China's sustainable energy strategy makes sense. Energy conservation is the top priority. Next in line is relying on domestic sources. The strategy calls for diversification of power supplies (natural gas, nuclear, hydro, and renewables). And it focuses on mitigating climate change. The challenge is to implement this vision in many provinces and quickly.
By law, all new power plants must have scrubbers for SO2 capture; 200 GW of plants were equipped with scrubbers in the last two years. The National Climate Change Program is responsible for developing renewables, increasing forest coverage, and promoting low-carbon alternatives such as behavior change as well as nuclear power. China's first nuclear plant came on line in 1991; it now has 9 GW of nuclear capacity. Its goal now is 60 GW by 2020; and becoming the #1 nuclear nation.
Professor Yu Cong, as Director of the Energy Efficiency Center at the Energy Resources Institute of NDRC, is charged with fulfilling the 20% efficiency gain. She explained that China has launched 10 efficiency programs including initiatives for boilers, motors, cogeneration, building efficiency, and green lighting. China's identified policy tools include differentiated pricing, tariff adjustments, and an "energy savings encouragement fund" that collected 7 billion yuan last year, more than a billion USD. Local provinces have also established local conservation funds.

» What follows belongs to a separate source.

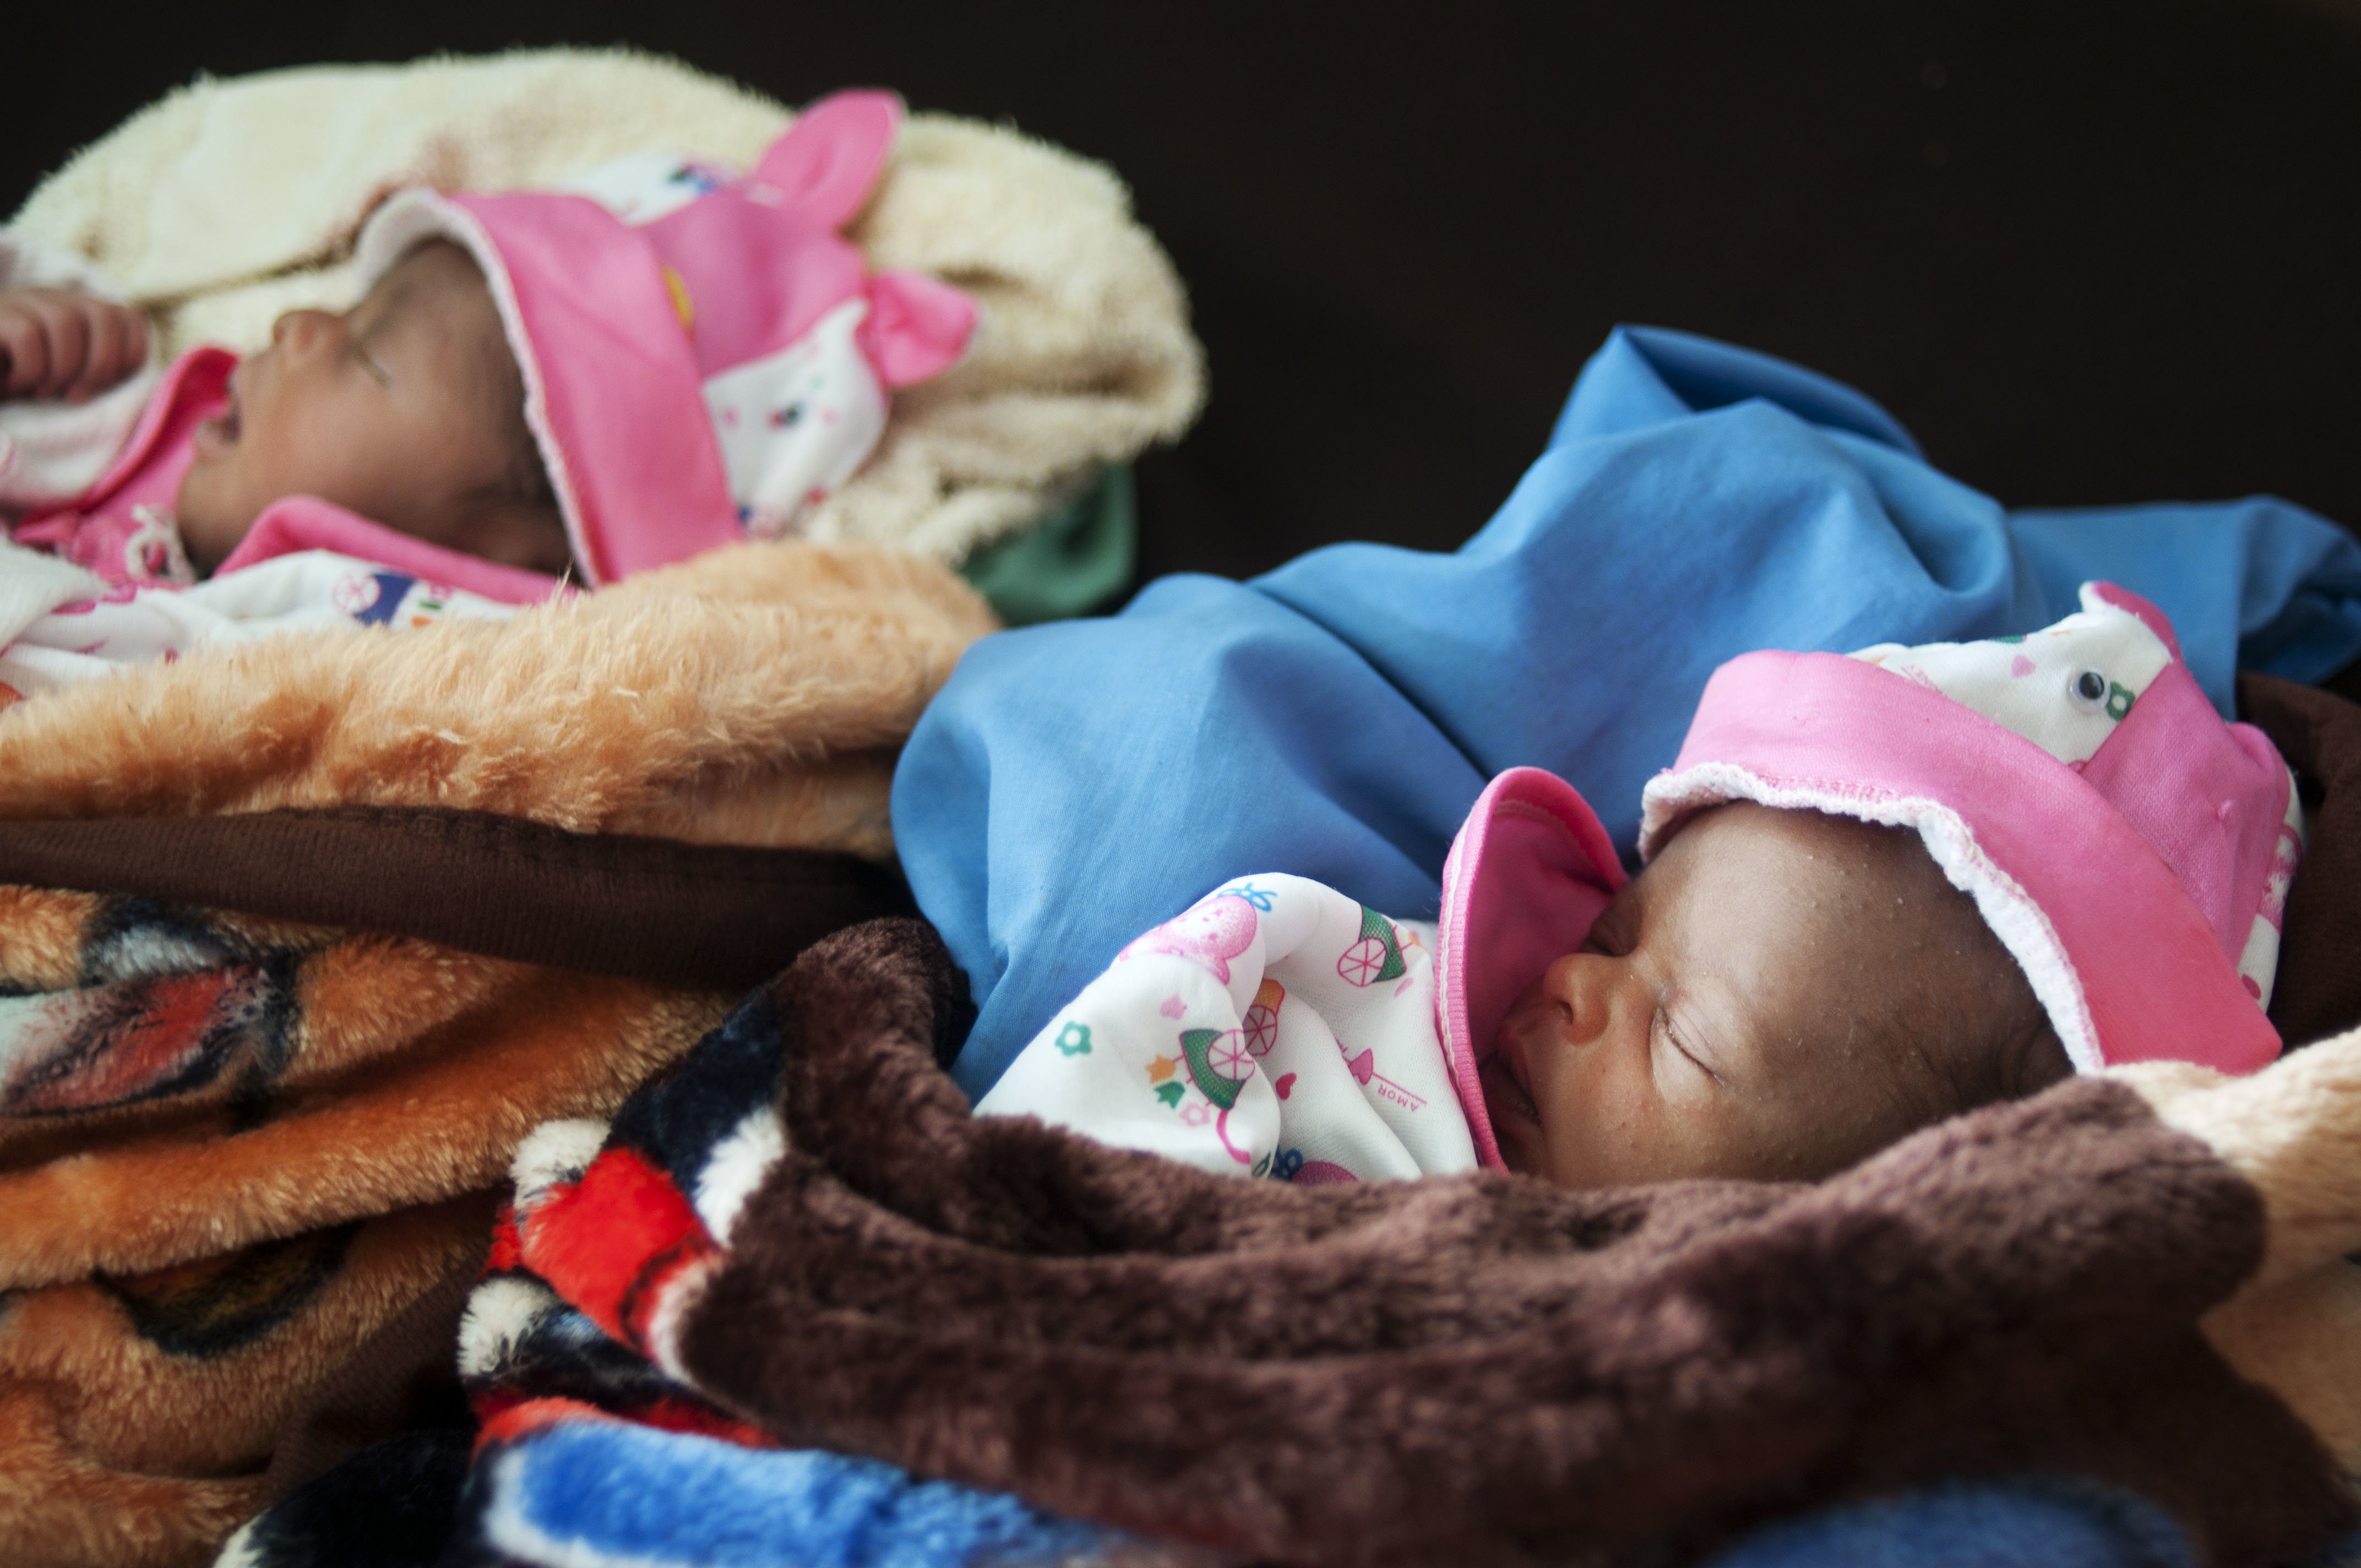 New born twins Marina and Nina, Central African Republic. August 2012| Photo: Getty Images
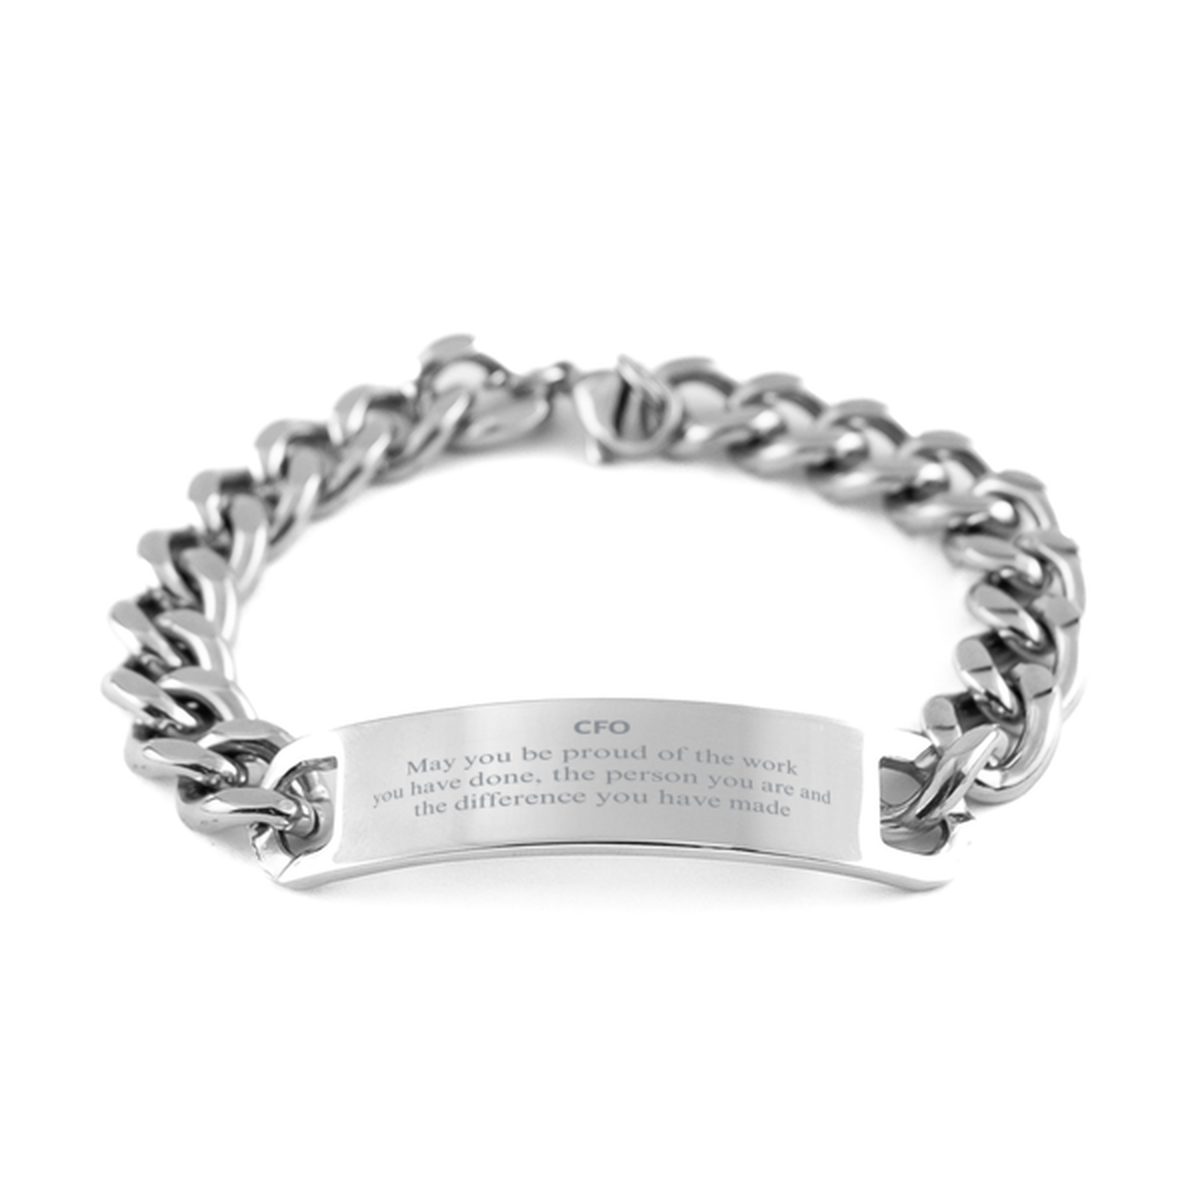 CFO May you be proud of the work you have done, Retirement CFO Cuban Chain Stainless Steel Bracelet for Colleague Appreciation Gifts Amazing for CFO

Timothy Hui, from Natural Resources Defense Council in Beijing, presented his work with the Jiangsu Province DSM (demand-side management) strategic plan. In Jiangsu, 70% of electricity is used in industry, motors and drives in particular. The energy intensity of metallurgies, chemical, and textile plants is four times that of the similar U.S. industries. NRDC analysis shows that there is a DSM potential of twenty-six 300 MW coal-fired power plants. This "conservation power plant" can be built at less than half the cost of new capacity. NRDC is working with the DSM center in Nanjing on 477 demo projects to cut peak load by 580 MW, and on a national DSM manual to harvest this potential that provides a win-win for the economy and environment.
Renewables in China
Song Yangin began his presentation about renewables in China with a bit of perspective: In rural areas, renewables have been and continue to be the sustenance of life. Biomass is the only fuel available and it is a means to survival; collecting fuel for cooking is the main job for kids in rural areas.
As with many countries, hydro is the most mature renewable technology in China. There is an installed hydroelectric capacity of 145 GW in China, about 20% of power generation. Development of the 22.5 GW, Three Gorges Dam, the largest hydroelectric project in the world and the largest Chinese construction project since the Great Wall, divided renewable energy advocates in China as its costs and benefits are as large as its output.
Dr Song: "I like this one." Chinese officials believe that there is significant wind potential, approximately 250 GW of onshore production and 750 GW offshore, mainly in the north. China has 6 GW of installed wind capacity at more than 100 wind farms.
In terms of solar thermal, China is the #1 market in the world with a total installed capacity of 108 million square meters. Each year another 15 million square meters is installed thanks to a building code requirement instituted by the Ministry of Construction. There is now an installed capacity of 100 MW of photovoltaics; Song Yangin reported that China is growing fast and is second only to Japan worldwide in module production.